After a few months he tells me he’s “going to leave Her” and that he wanted “cuddles, the sweet smiles, the big brown eyes” looking back at him once more. He wanted “home cooked meals, hugs, the smell of candy and silly jokes”... he left her because she was a bikini barista and he considered her “impure”. Once again... i was An idiot. For nearly a year later. I stayed With him. Not once did i receive a compliment. No thank yous. No please. I’ve had stuff throw at me cause I’m clumsy. I’ve been called ugly because i looked Like a mess after cleaning. I’ve been yelled at. But what’s so pathetic of me... when i was consider good... he’d pet my head as if I’m some dog. Talks about moving me to where his family is. The funny thing is.... (FYI) he’s army... the people who care for me tell me everything. Yenno how it is. Small world and all. The way he talks about me... says he could do better than me. But here i am Doing laundry, dishes, cooking... his boss came over and walked in on me changing. Instead of asking if i was okay... i got Yelled at for being naked when i was Simply changing. ive never hadn’t the balls to leave him. Some part of me is scared to leave.

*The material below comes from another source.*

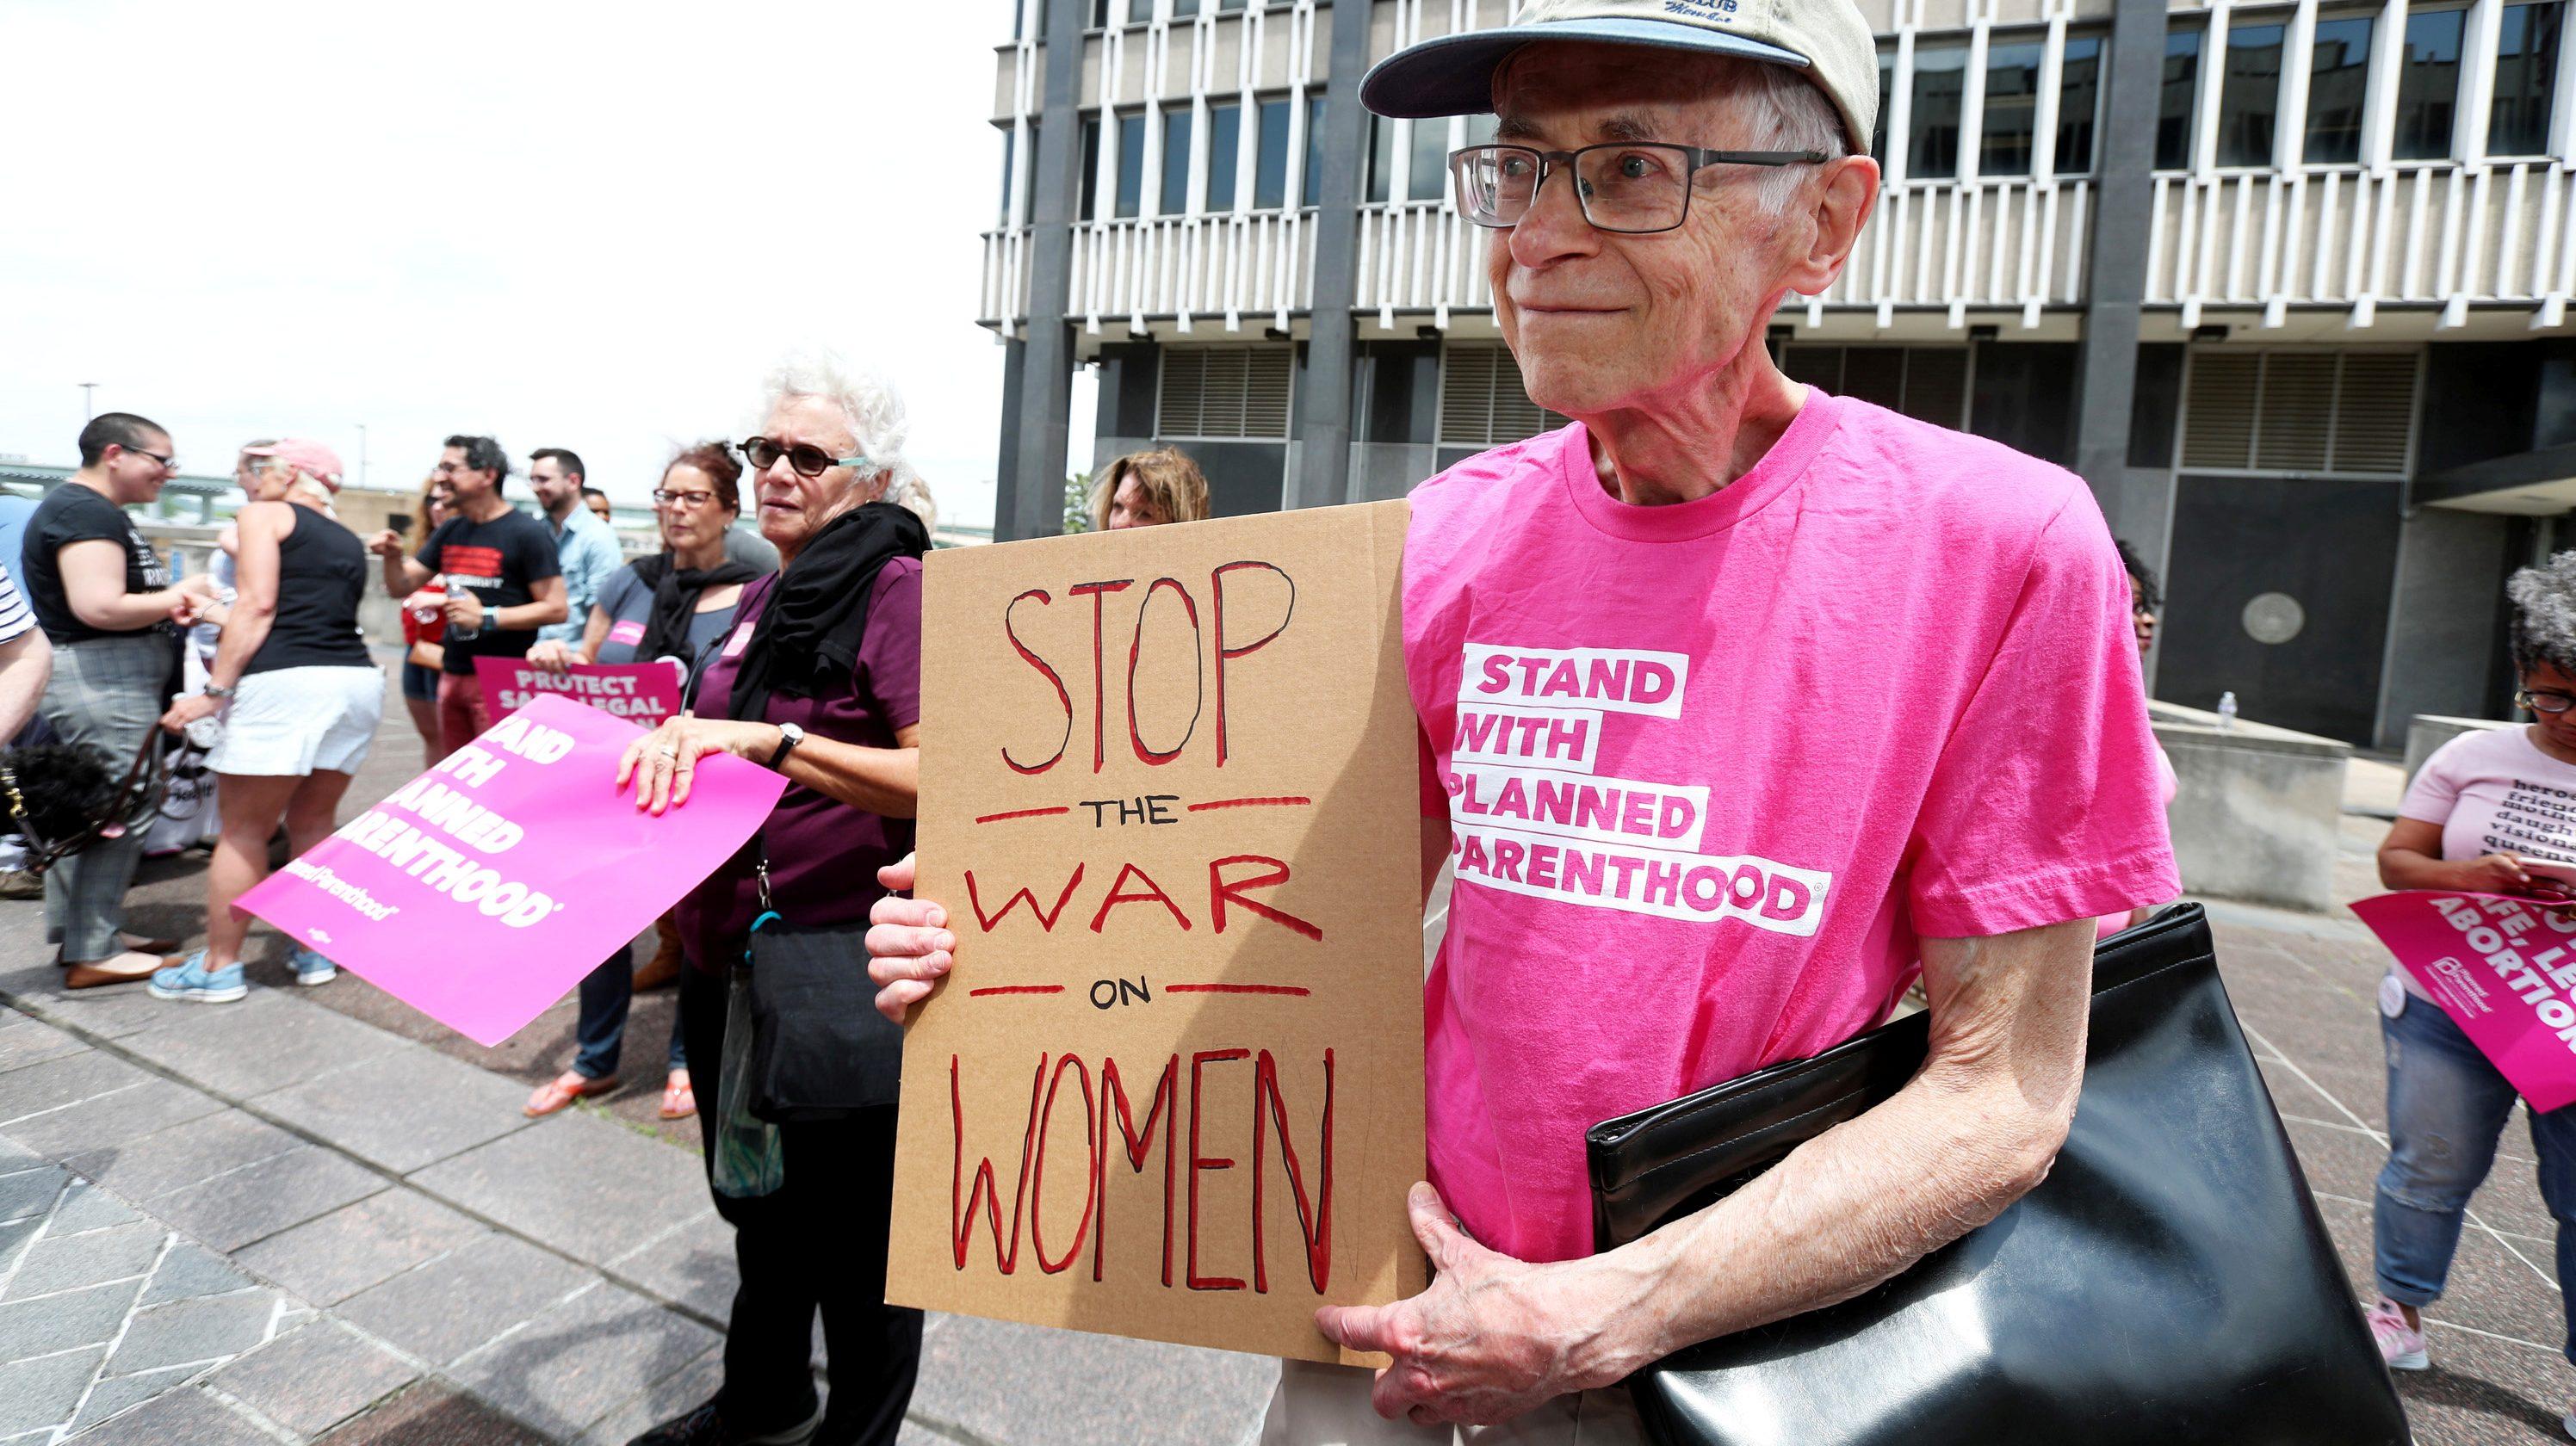 A pro-choice activist holding a sign

I recently Went grocery shopping.
The weirdest thing happen.
A very good looking man approached me. Told me i was Absolutely beautiful. I felt Tiny. He toward over me. He explained very quickly how he walked passed me a few times trying to come up with something to say. But “beautiful” is all he could think of. I never Had this happen before. I figured Out his name. Simple introduction.
A few weeks later. He some how manages to find out who i am. I told Austin if i could Meet him for coffee. Have a new friend. He said sure. We met for coffee. Exchanged numbers. Talked.
Long story short. I never Felt confident in my own skin before. Idk how to describe how this feels. It’s new tbh.
Sorry if this a rambling rant. Just thinking.
I feel Like when Austin leaves to go back home for good... maybe for once... i can Disappear from his reach and leave for good.